Njini Ntuta (10 September 1924 – 25 November 1984) was a Zimbabwe African People's Union (ZAPU) politician. He was deputy minister of mines in the first post-independence government but was sacked by President Robert Mugabe in a 1982 purge of ZAPU politicians. Ntuta was assassinated by members of the security forces acting on the orders of Colonel Flint Magama in 1984. At the time Mugabe's government blamed the murder on anti-government dissidents.

== Biography ==
Ntuta was born on 10 September 1924 to Gwaula Ntuta and Minah Ntuta (née Ndebele) in the Tsholotsho Communal lands, Southern Rhodesia. He was brought up in the Anglican faith. Ntuta was a member of the Zimbabwe African People's Union (ZAPU) and was appointed deputy minister of mines in Robert Mugabe's Zimbabwe African National Union-led government, the first black-majority government following the end of the Rhodesian Bush War and the Lancaster House Agreement.

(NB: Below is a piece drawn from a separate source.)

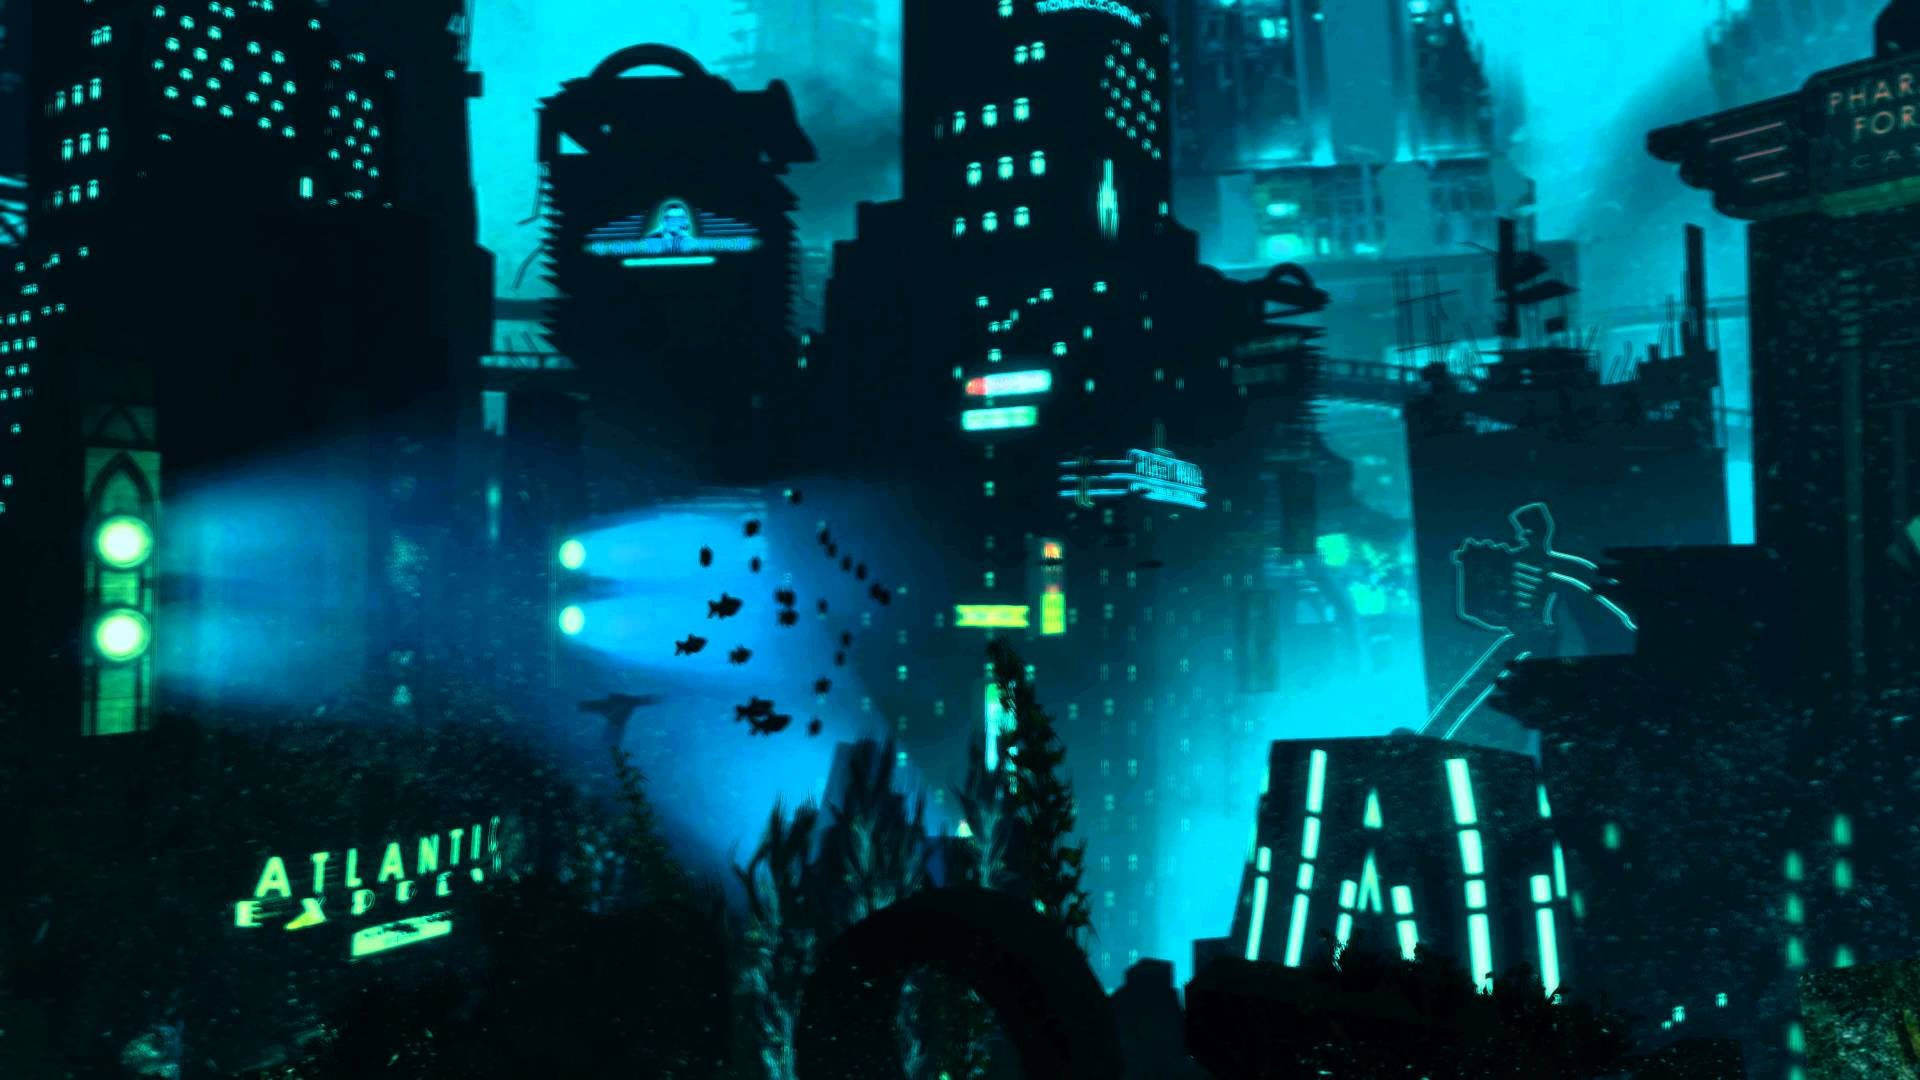 Download Bioshock 4k Rapture Underwater Wallpaper 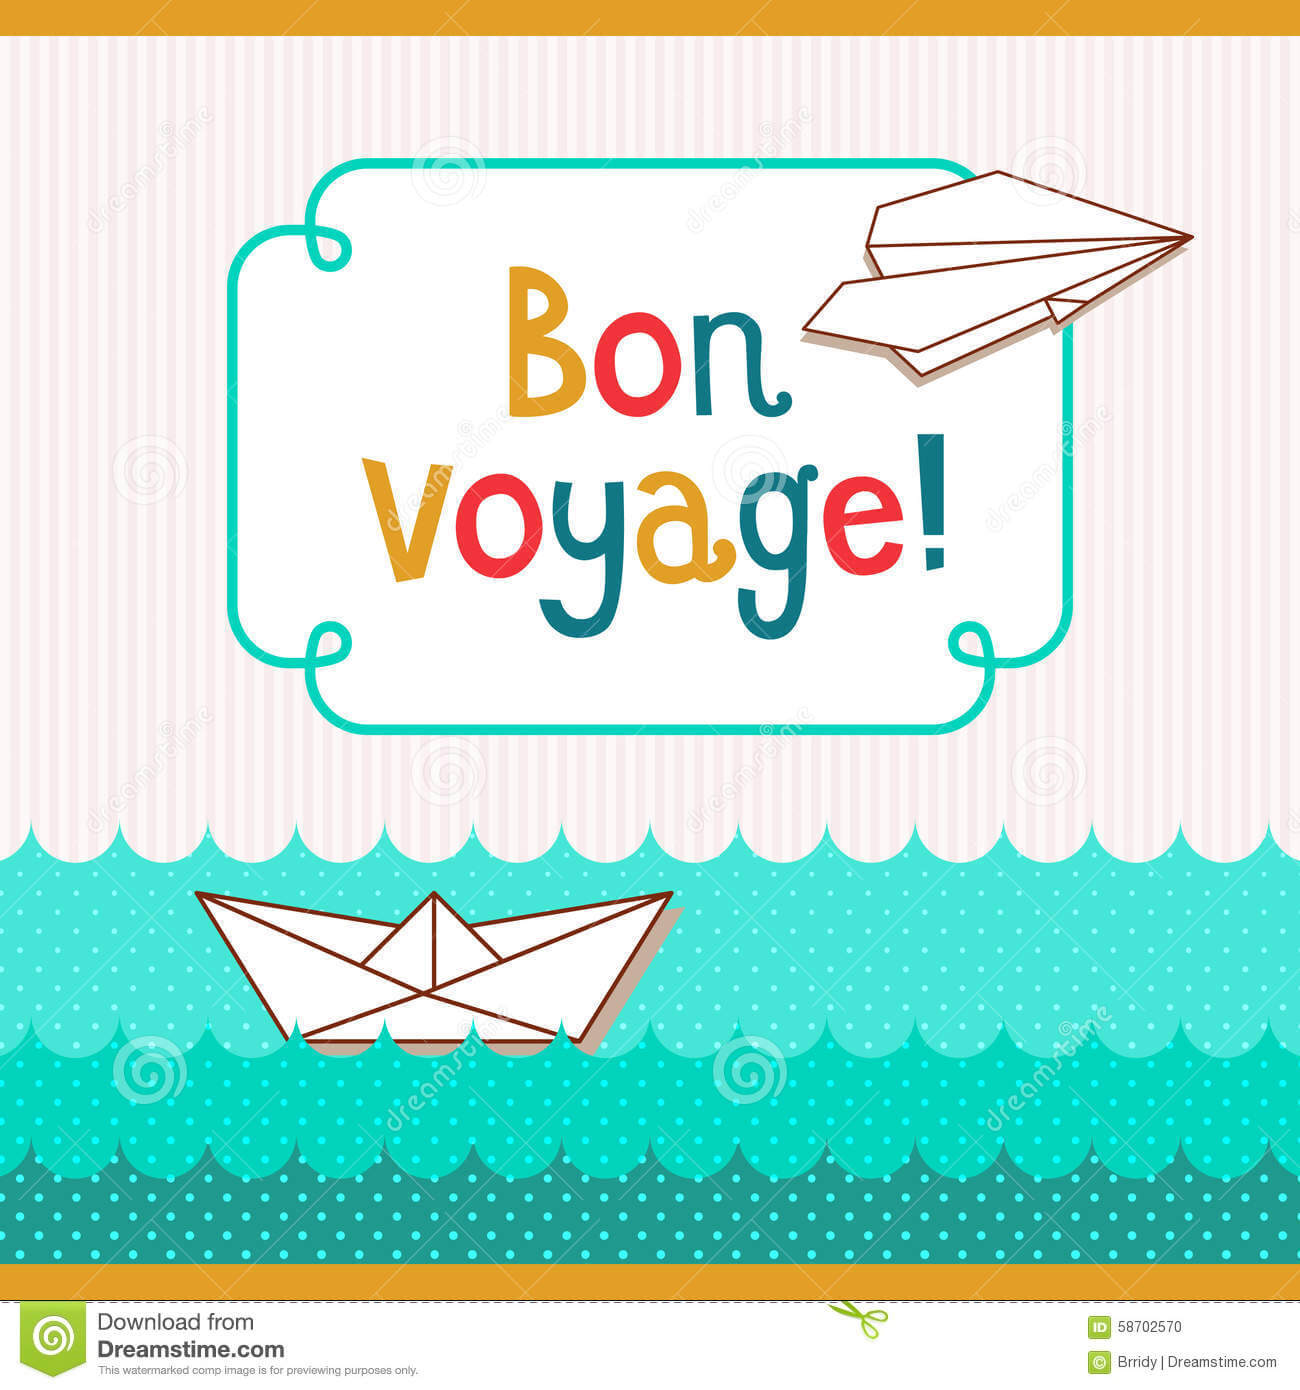 Bon Voyage Card Template ] - Bon Voyage Postcards Zazzle Com Pertaining To Bon Voyage Card Template

Ntuta was sacked by Mugabe on 17 April 1982 in a purge of ZAPU politicians from his government. He became a senior opposition figure in the National Assembly of Zimbabwe. Ntuta was murdered by automatic gunfire in fields near his home at Nyamandhlovu in Matabeleland on 25 November 1984. He was chased by three gunmen for 2.5 mi before he was killed. At the time of his killing the diplomatic corps in Harare and ZAPU officials questioned the official Zimbabwean government account that placed responsibility for the killings with anti-government dissidents. Ntuta had himself questioned similar claims for the deaths of other civilians in the preceding months, alleging that the Zimbabwe National Army (ZNA) had perpetrated the killings. It later emerged that he was killed by security operatives masquerading as dissidents. The ZNA's Colonel Flint Magama had been in charge of the killing.

Ntuta is recognised as a national hero of Zimbabwe. He is buried in Pelandaba Cemetery in Bulawayo. In 2013 his grave was reported to have been vandalised, with his headstone being removed.